[[ THE DATA open ]]

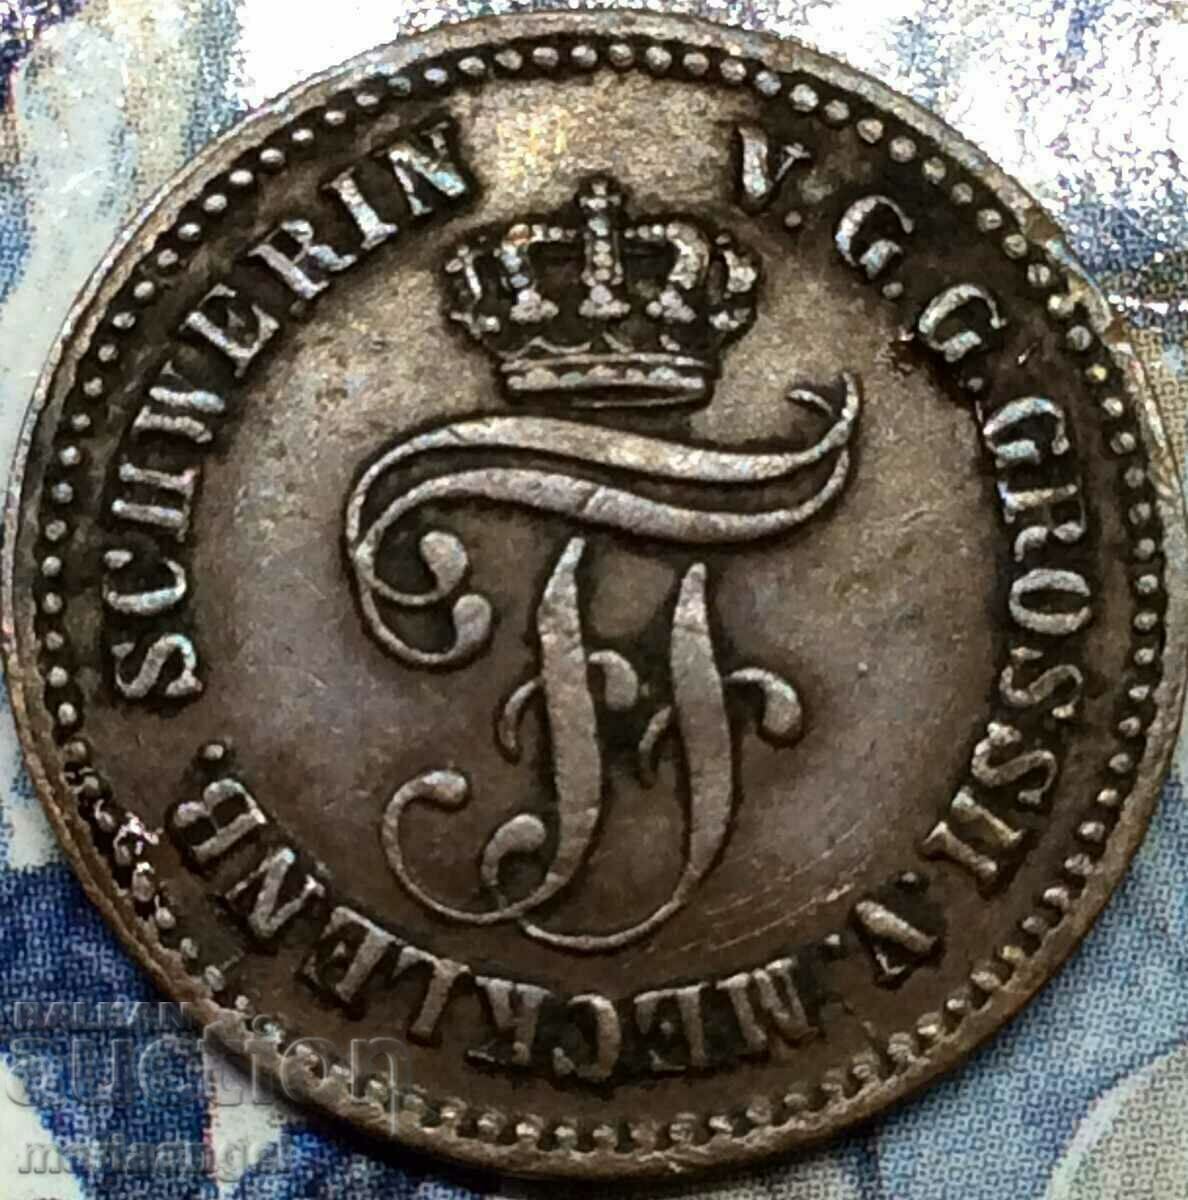 1 pfennig 1862 Mecklenburg-Schwerin Germany
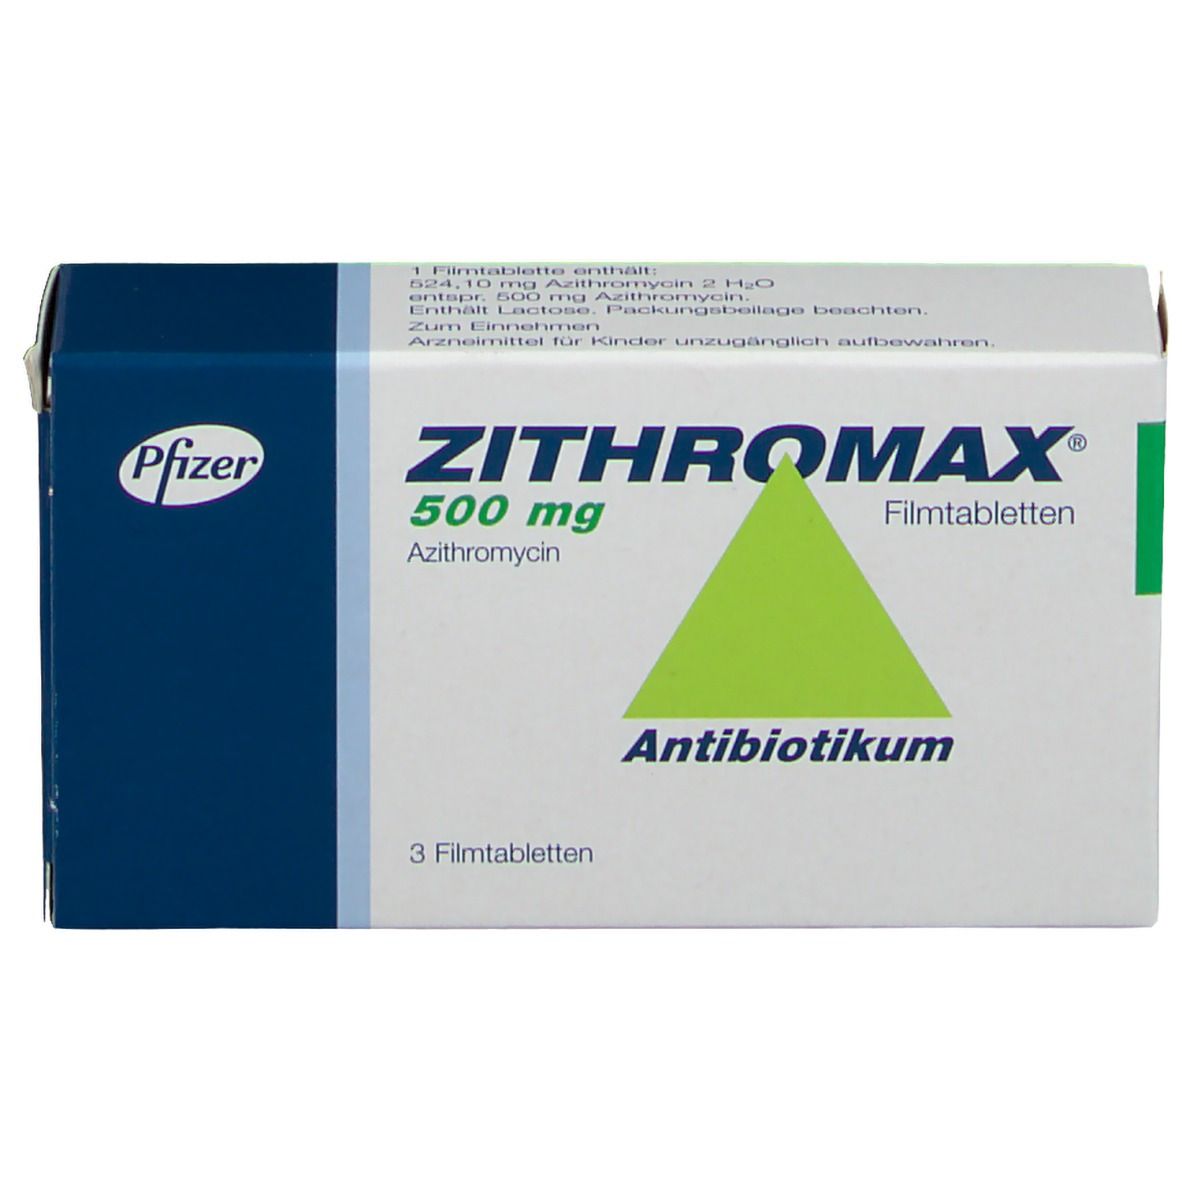 دواء زيثروماكس
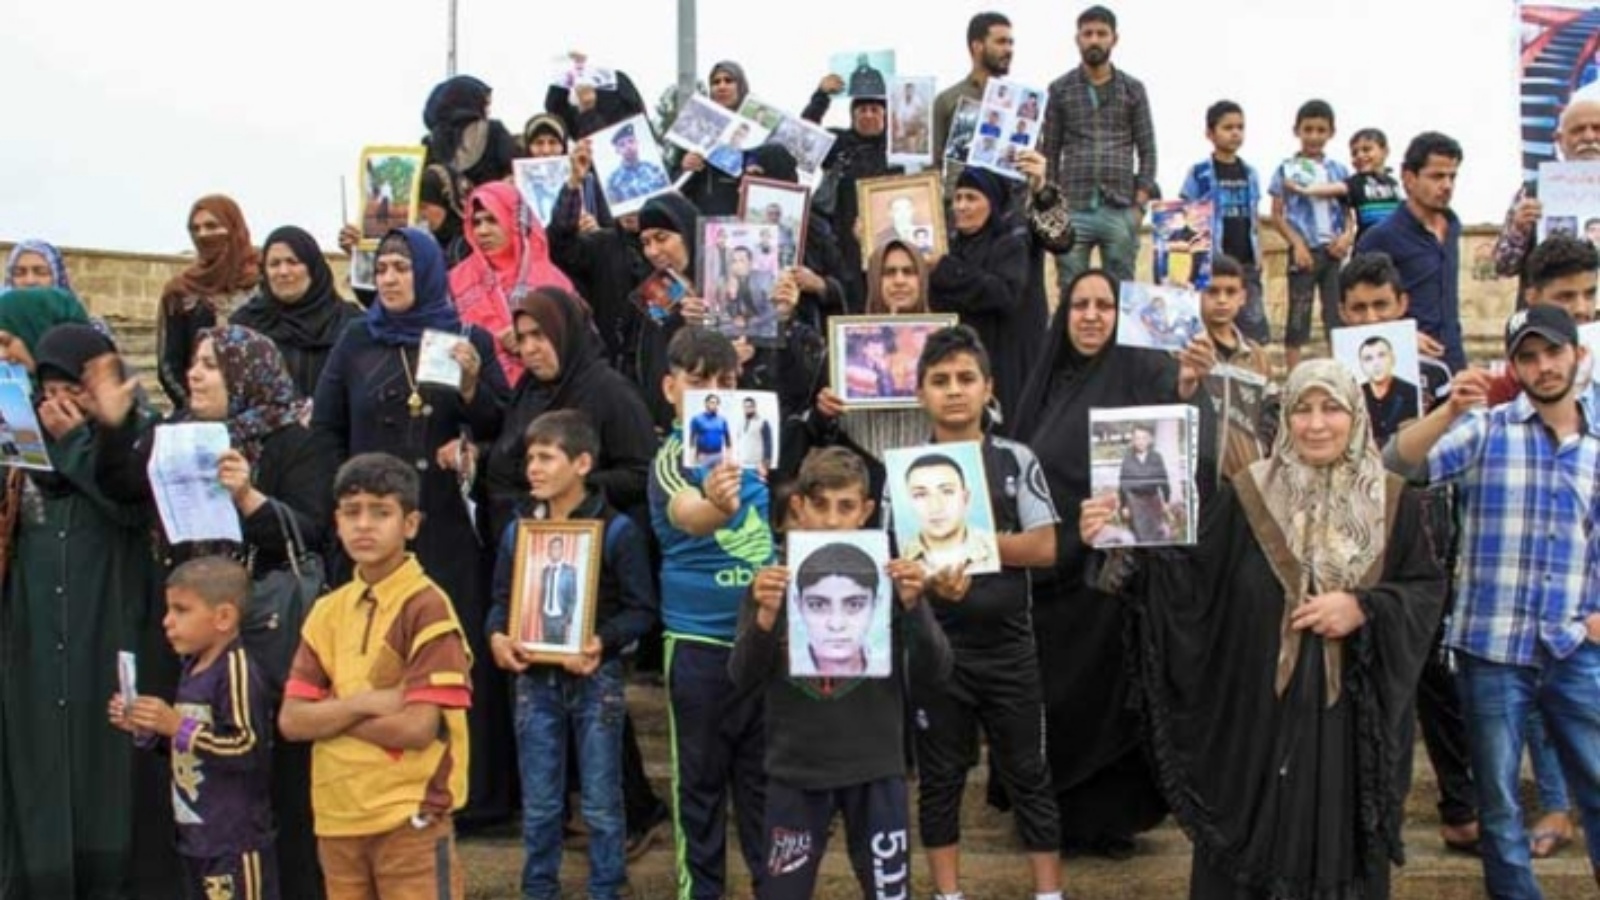 عائلات عراقية في تظاهرة تطالب بمعرفة مصير ابناءها المغيبين قسريا (فيسبوك)

[[ THE DATA closed ]]

# [AIM OF THE EXERCISE]
Please print exactly the lines running from the line with "دواء زيثروماكس" through the final line of the material, and nothing more. Keep pictures out.

# [OUTPUT FOR THIS TASK]
 دواء زيثروماكس
 عائلات عراقية في تظاهرة تطالب بمعرفة مصير ابناءها المغيبين قسريا (فيسبوك)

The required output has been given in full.